Tool Calling as a Trust Boundary
Building a banking GenAI assistant: why tool calling stopped being a classification problem and became a question of evaluating controlled decision-making
March 24, 2026
We did not set out to build an "agent." We were building a customer-facing GenAI assistant for a banking product — something that could answer questions, guide users, and eventually take actions on their behalf. Pretty standard on paper.
Then we introduced tool calling.
That was the moment the problem changed shape.
The model was not just generating text anymore — it could now trigger real systems. Pull data, run workflows, potentially touch sensitive information. In a regulated environment, that is not a small step. That is a different category of risk entirely.
Reading through how teams like Anthropic and OpenAI think about tool use helped crystallize something for me: tool calling is not just a capability. It is a trust boundary. Once you cross it, you are no longer evaluating language — you are evaluating decisions with consequences.
So we had to rethink how we evaluate the system from the ground up.
What broke (and what we learned)
Our first instinct was honestly pretty naive. We treated tool calling like a classification problem: given a query, did the model pick the right tool?
That framing lasted maybe a week.
Because in practice, nothing about this is a single decision. Even a simple interaction unfolds into a chain of smaller, fragile decisions: should I call a tool at all? Which one? What arguments? Are those arguments even valid? Am I allowed to do this for this user?
The tricky part is that the model will often look "correct" at a glance while being subtly wrong in ways that matter. It might pick the right tool but construct slightly off parameters. Or call a tool when it should not. Or worse — skip a tool entirely and fabricate an answer.
We also realized quickly that language variation breaks everything. The same intent phrased differently could lead to different tools, different parameters, or no tool at all. So any evaluation that relies on a single phrasing is basically lying to you.
What helped us get unstuck was shifting how we think about the system. Instead of asking whether it got the right answer, we started asking:
- Did it make a justifiable decision?
- Did it stay within its permission boundaries?
- Can we explain and audit what happened?
That led us to treat the model as an untrusted decision-maker — not malicious, just unreliable in subtle ways. The actual safety boundary lives outside the model.
So we built our evaluation around that idea.
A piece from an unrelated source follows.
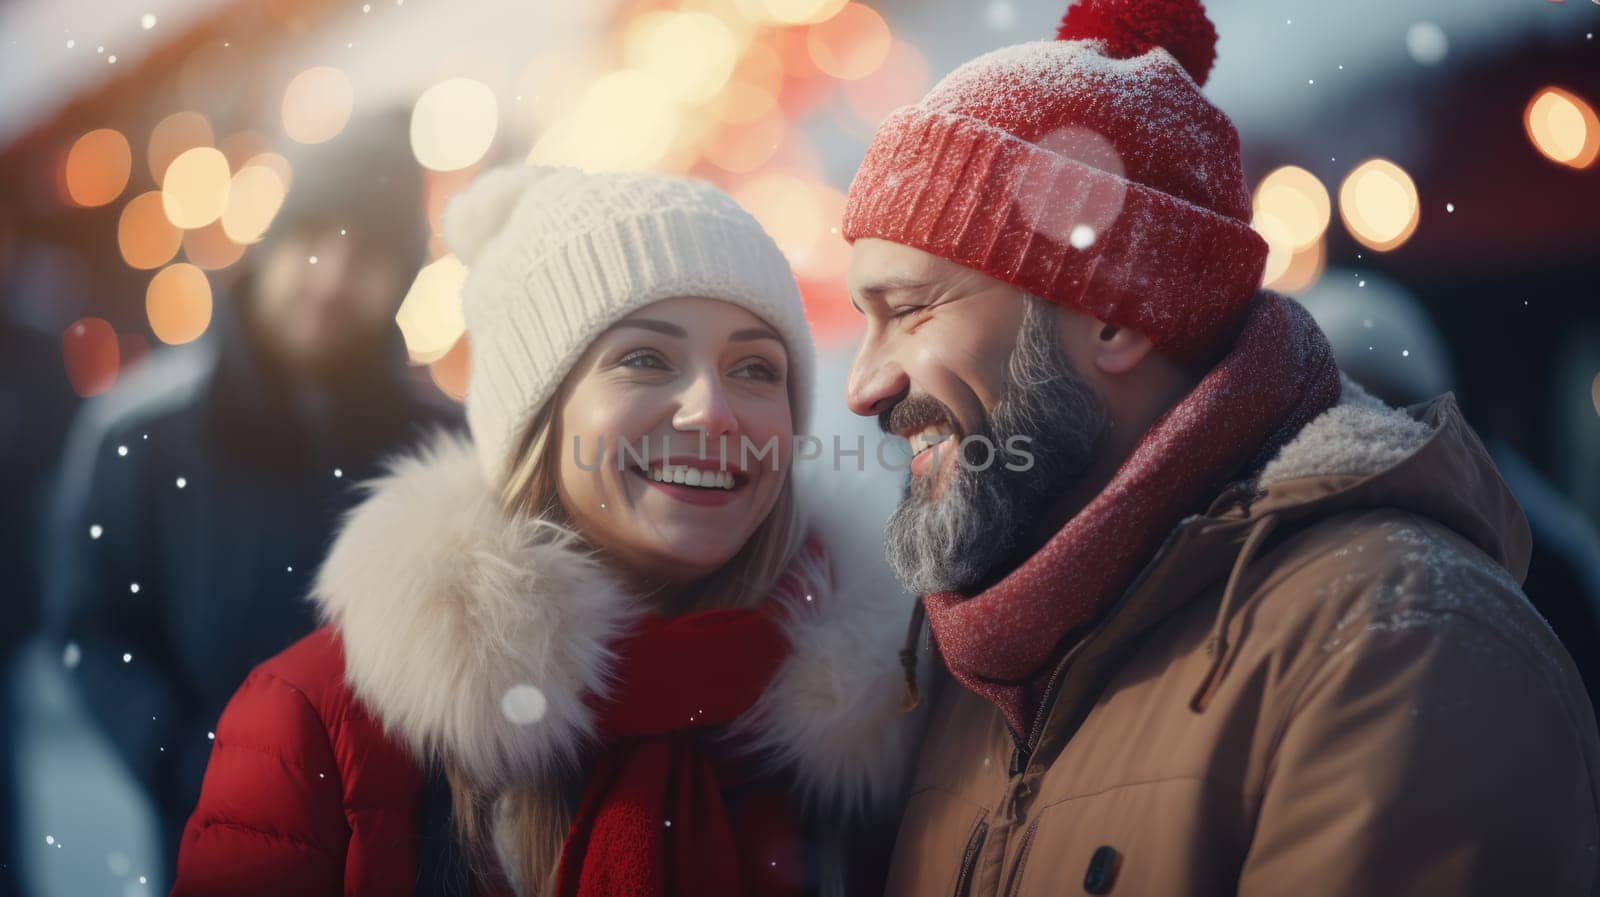 Happy Friends wearing winter clothes celebrating Christmas holiday. People having fun hanging out together walking on city street. Winter holidays and relationship concept by JuliaDorian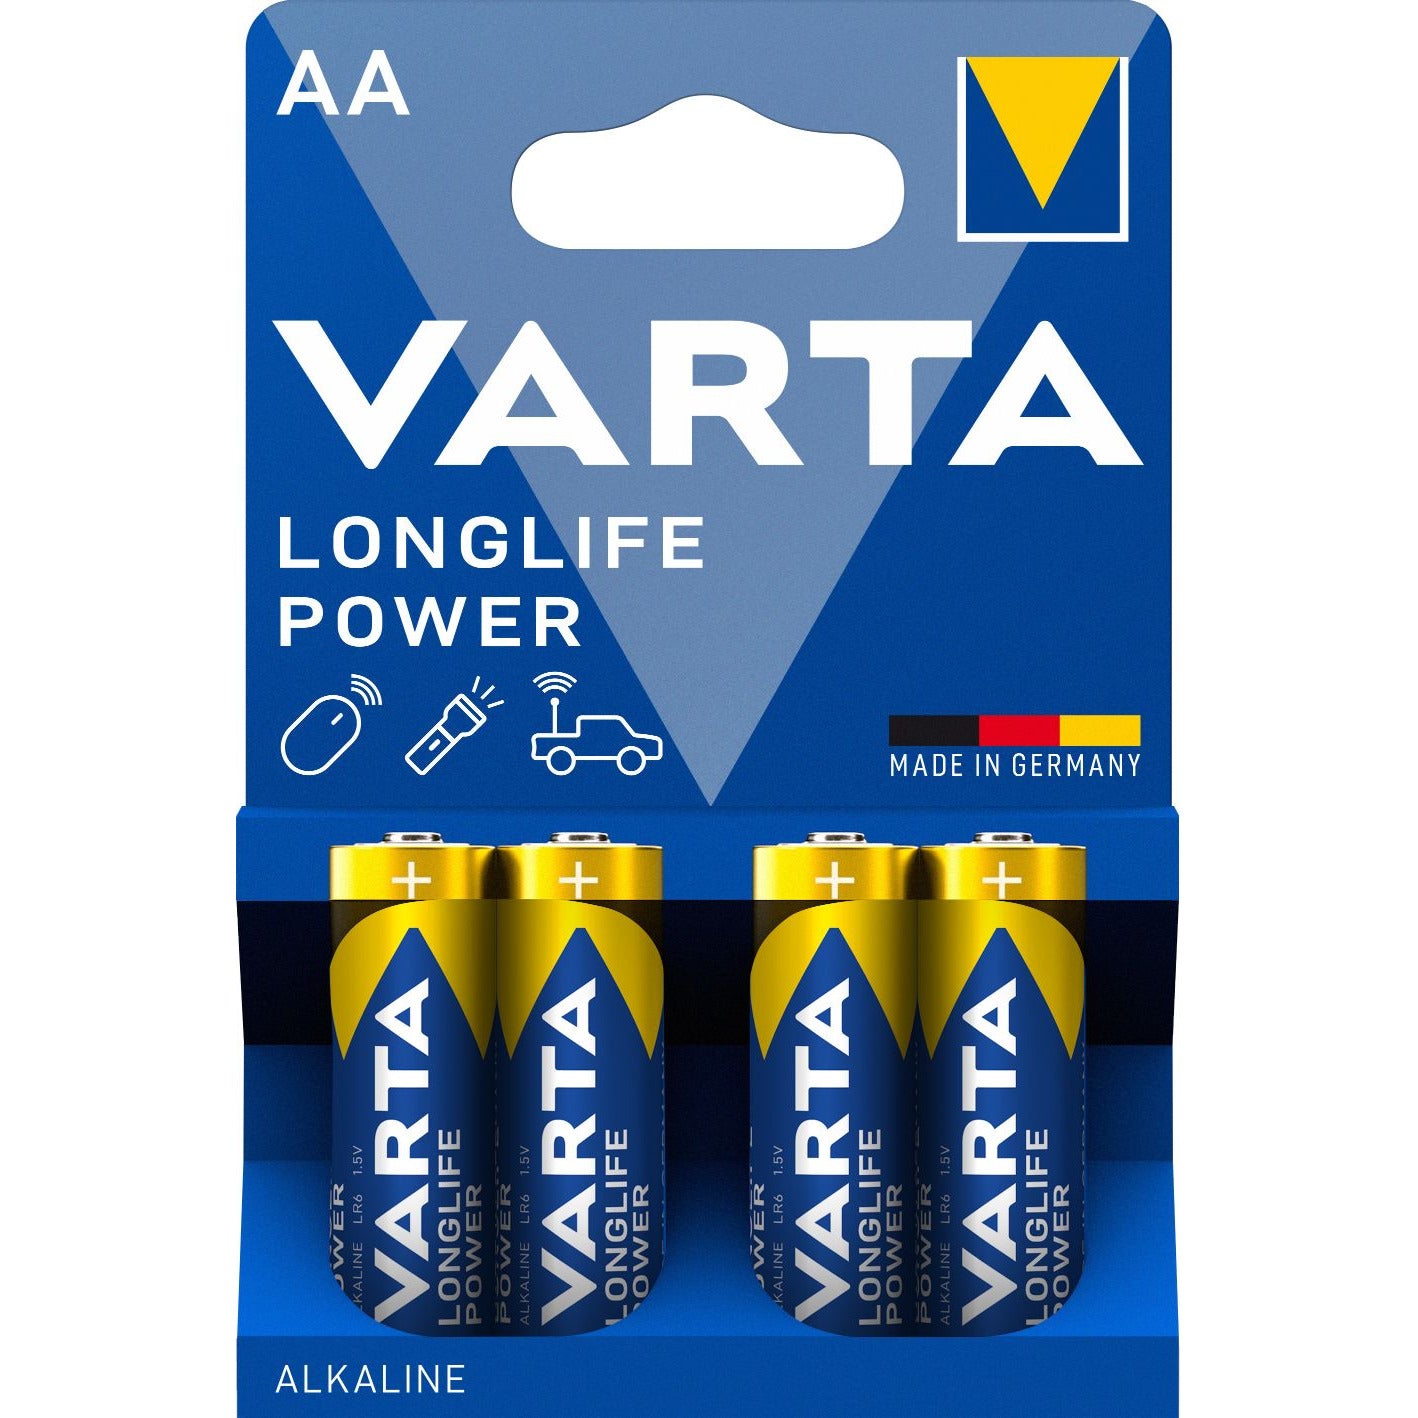 LONGLIFE POWER BATTERIES AA 4 PACK

We started logging everything about tool calls — not just which tool was called, but the parameters, the permission context, how long it took, and whether anything looked off. Not because we love logs, but because in a banking environment, you do not get to say "the model seemed fine." You need to reconstruct what happened after the fact.
Permissions became another big piece. One of the easiest mistakes to make is letting the model implicitly decide what it is allowed to do. We forced a separation: the model can suggest actions, but it never owns permissions. Those come from the user, the session, and the system. Our evaluation then checks whether the model is trying to step outside those bounds — or failing to use them when it should.
The dataset itself became a project. We did not just write a handful of test queries. We took real intents, expanded them into variations, combined tools in different ways, and then stretched them into multi-turn conversations. Some formal, some messy, some ambiguous, some intentionally risky. Every example is grounded enough to feel real, but varied enough to break brittle behavior.
And importantly, all of it is human-reviewed. Not because that scales (it does not), but because early on, you need to understand failure modes deeply before you automate anything.
Where we have landed (Phase 0)
What I would call Phase 0 is not sophisticated, but it is honest. We can see where the system fails. We can categorize those failures. We can trace them back to prompting issues, model limitations, or gaps in our tool design.
Where this needs to go
If I am being blunt, what we have today is still pretty simple.
It works as a lens, not as a guarantee.
A lot of our process depends on humans curating datasets and reviewing outputs. That is fine at the beginning, but it will not hold as the system grows. We will need more programmatic checks — especially around parameter validation and permission enforcement — and probably simulated environments where tools can fail safely.
We also treat correctness a bit too rigidly right now. The model sometimes takes a different but reasonable path, and we mark it as wrong. That is not quite right. Real systems have multiple valid solutions, and our evaluation needs to reflect that without becoming vague.
Multi-turn behavior is another area where we are underestimating complexity. It is easy to test a single interaction. It is much harder to test how decisions evolve over five or ten turns, especially when context starts drifting or compounding.
And then there is the stuff we have not fully tackled yet: adversarial behavior, prompt injection, attempts to misuse tools. In a banking setting, those are not edge cases — they are expectations.
What we are actually evaluating
If I zoom out, though, I think the biggest shift for me has been this:
We are not evaluating intelligence. We are evaluating controlled decision-making under constraints.
That changes how you design everything.
A good agent is not the one that knows the most. It is the one that consistently makes safe, explainable, permission-aware decisions — even when the input is messy and the path is not obvious.
If you are building something similar, the bar to aim for — at least initially — is not perfection. It is clarity. Can you see what the system is doing? Can you catch when it goes off the rails?
If you can do that, you are in a much better place than chasing a single accuracy number and hoping it means something.